Müde

Wer heute müde wird, der hat dagegen Mittel:
– die Alten die Kraft der zwei Herzen,
– die Mittleren ein Fitness-Wochenende, aktiv und belebend mit Sauna, Stretching und was weiß ich noch,
– die Jungen, die zwanzig Stunde tanzen sollen schieben sich Spezial Drinks und ab und an auch mal eine kleine Pille ein.
Müde, kraftlos sein? Das ist out, und wer sich hängen lässt, ist krank: Kopf hoch, frisch gelächelt, es wird schon gehen! Klaps auf die Schulter: „Sieh‘ mich an, (sagt der dynamische Mittdreißiger), 60 Stundenwoche, Frau, zwei Kinder, ein neuer Wagen, gehst du mal mit squaschen?“
Die Welt gehört den Nimmermüden. Nur wie lange? Die Kehrseite der Medaille, darüber hört man weniger:
– der junge Fernsehtechniker, Stürmer in der heimischen Fußballmannschaft, begnadet auch im Umgang mit dem Bierglas, tausend Frauen, wenn er möchte: und dann ein Hirnschlag mit 32 Jahren;
– die Frau von 35 Jahren mit zwei Kindern, einem stressigen Halbtagsjob und einem Ehemann, der im Haushalt keinen Finger krümmt: die kann gar nicht so viel schlafen, wie sie müde ist.

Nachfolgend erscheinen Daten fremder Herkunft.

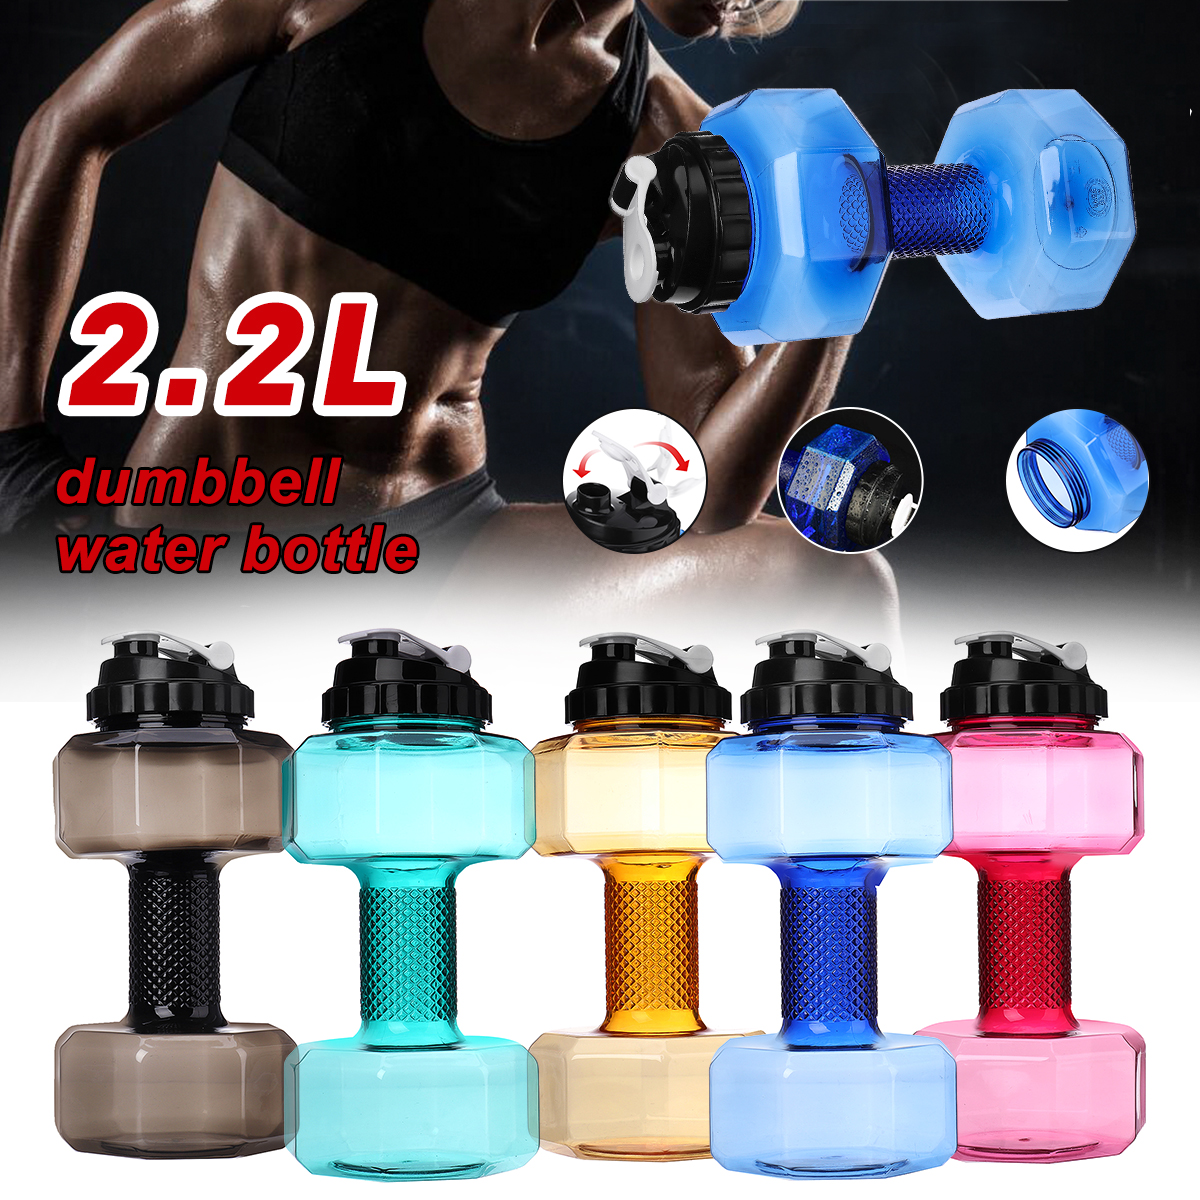 22L-Large-Dumbbell-Shape-Water-Cup-Kettle-Portable-Sport-Gym-Fitness-Bottle-1680181-1
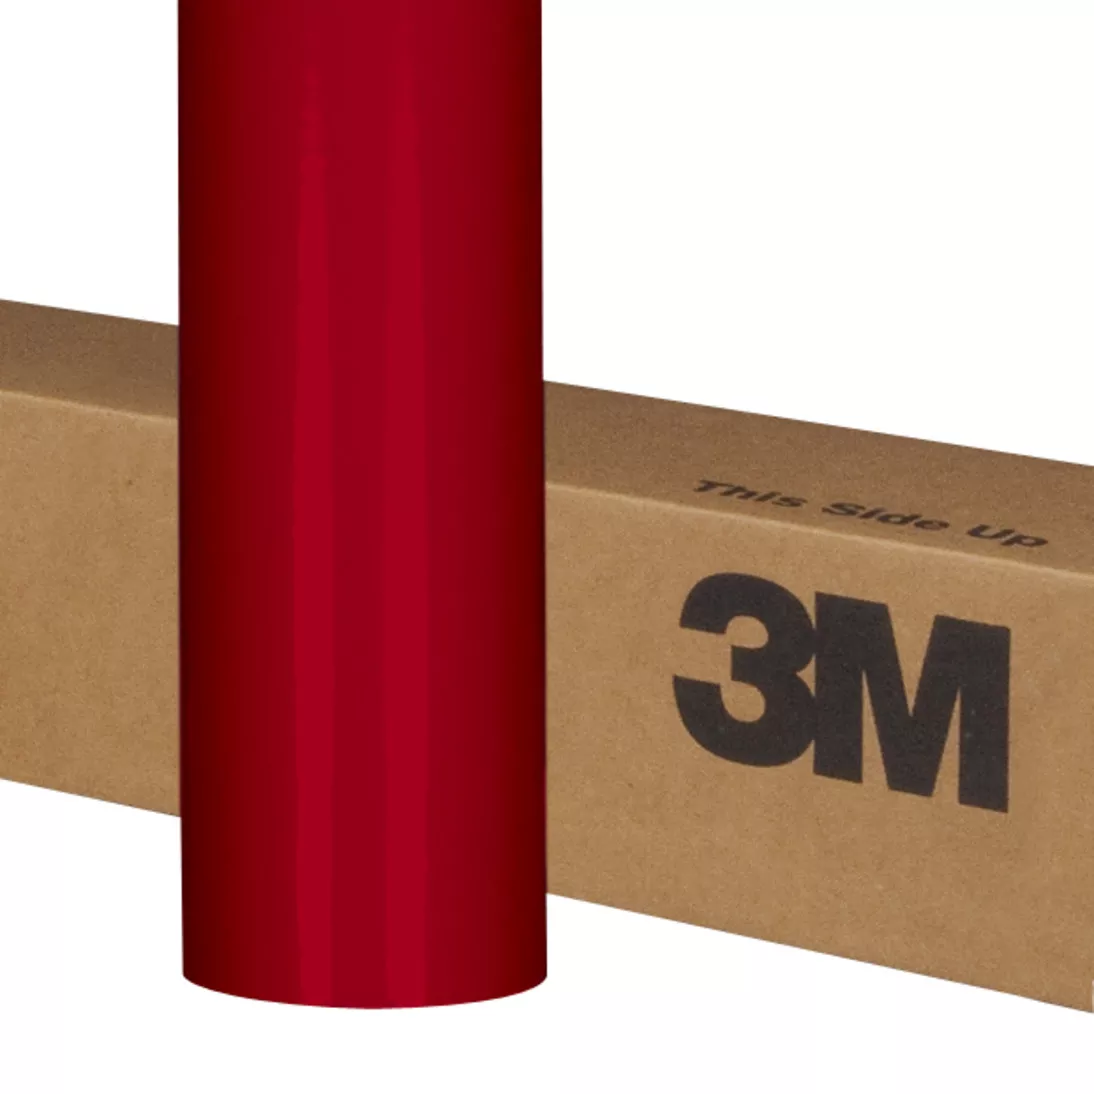 3M™ Scotchcal™ ElectroCut™ Graphic Film 7125-23, Deep Red, 48 in x 50 yd

Es ist befreiend, sich zu sagen: „Du darfst müde sein. Ruh dich aus. Du bist nicht krank, im Kopf oder Körper, noch nicht, du bist müde. Du kannst jetzt nichts. Du bist jetzt kraftlos. Das hat Gründe. Denn – warte eine Weile, und Kräfte wachsen wieder nach wie bei einem Strauch, den man zurückgeschnitten hat.“
Paradoxe Erfahrung: in der nachlassenden eigenen Kraft, auch da ist die Kraft Gottes mit einem. Gott gibt dem Müden Kraft, und Stärke genug dem Unvermögenden.
So heißt es in der Bibel beim Propheten Jesaja.